Allies of President Biden are pushing back after excerpts from Kamala Harris’s forthcoming memoir accuse Democrats of being “reckless” in leaving the party’s nomination to Biden.
The former vice president has been working to rebuild her public image following her loss to President Donald Trump. Earlier this summer, she announced she would not run for California governor in 2026, saying her future, for now, lies “outside elected office.”
Still, Harris has used the book to cast blame for her political setbacks, portraying her failed presidential bid as the product of party missteps rather than a flawed campaign. “The stakes were simply too high. This wasn’t a choice that should have been left to an individual’s ego, an individual’s ambition,” Harris wrote in a book excerpt published by The Atlantic. “It should have been more than a personal decision.”
“No one wants to hear your pity party,” said one former staffer who spoke anonymously to trash the person leading their party just a year ago, Politico reported. Another former Biden aide asked, “Why didn’t she do this during the campaign?” when her “main imperative would’ve been to distance herself because there was an election going on.”

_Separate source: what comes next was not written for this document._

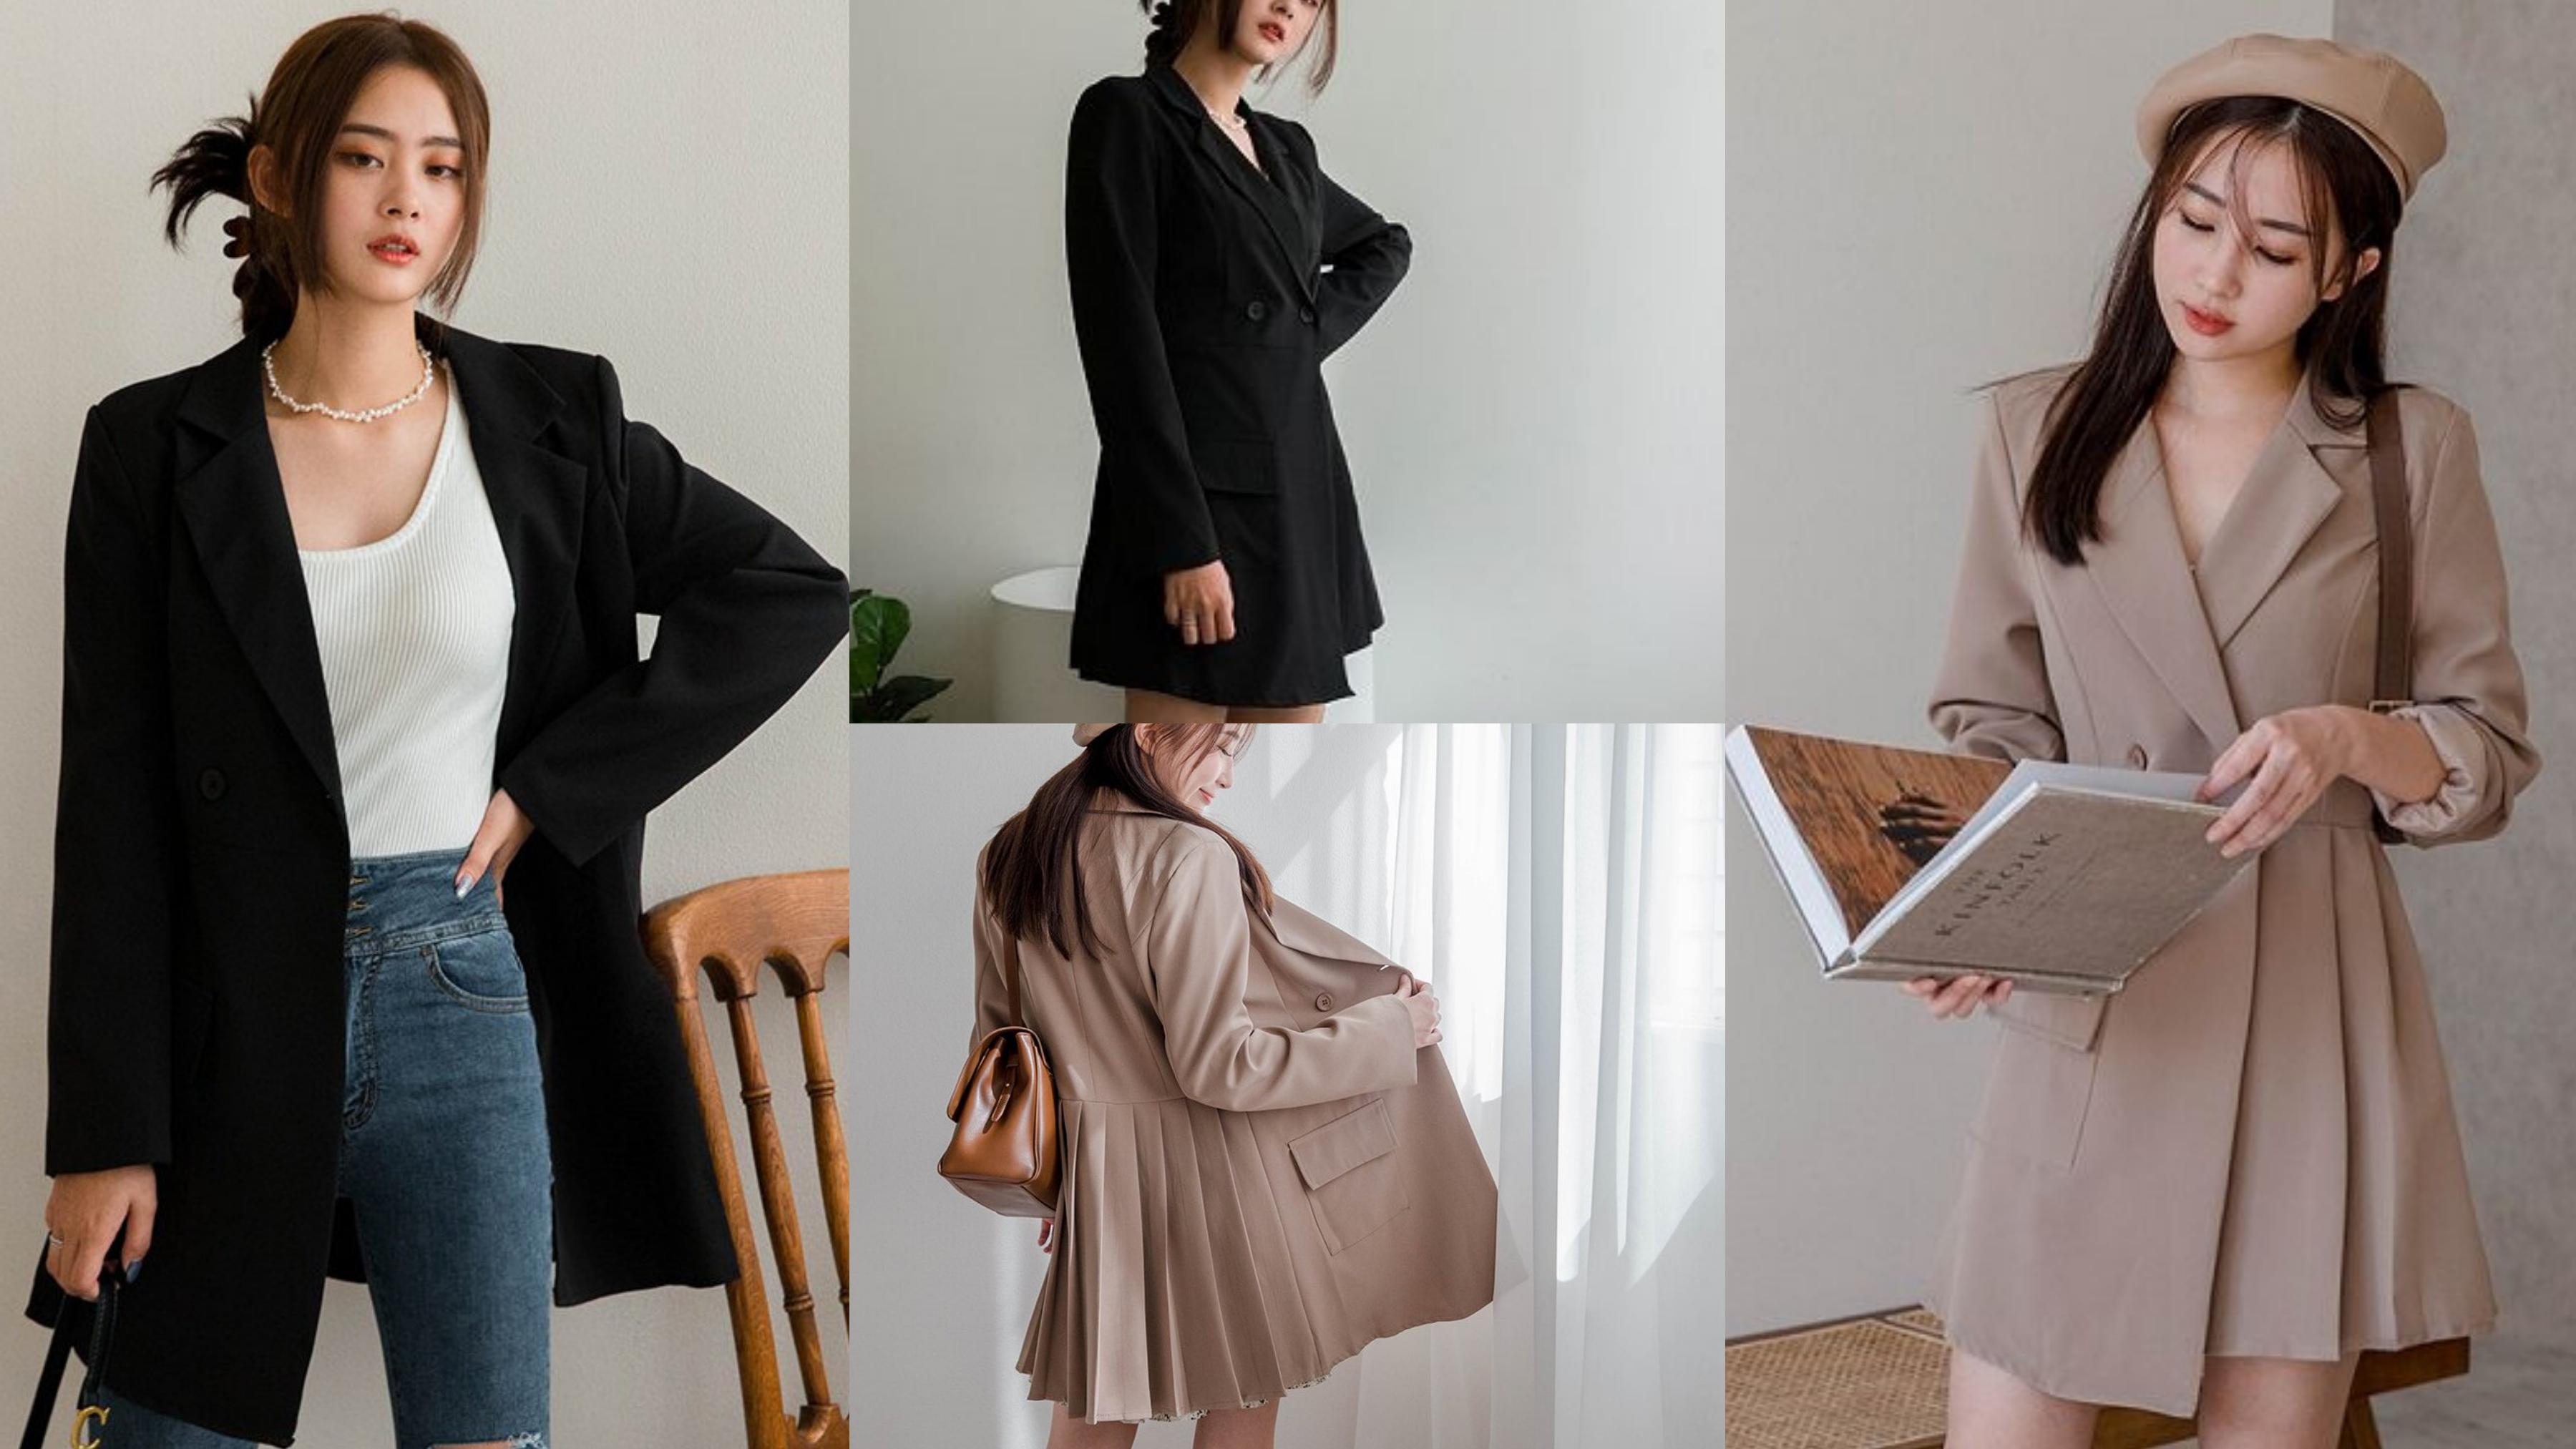 質感西裝領造型,搭配特殊的後百褶裙襬設計,修身又顯瘦

“I hate that we’re beating up on a man struggling with cancer, and [who] did genuinely serve our country pretty damn well, even if he made a critical error at the end,” one former Biden and Harris campaign aide said. “But maybe what is even more painful is that we needed more of this distinction and acknowledgement during the campaign. … I’m most offended by this being too little, too late.”
Although Harris campaigned vigorously for Biden last year, she writes in her memoir that the then-81-year-old president had “grown tired” as the race wore on. The comment follows other eyebrow-raising remarks from Harris, including her assertion in an NBC interview that Biden was “very much alive.”
Her candid tone marks a departure from the deference she showed Biden immediately after the campaign. Some former staffers argued her differences with him should have been addressed privately, not aired publicly as Democrats struggle to chart a path forward.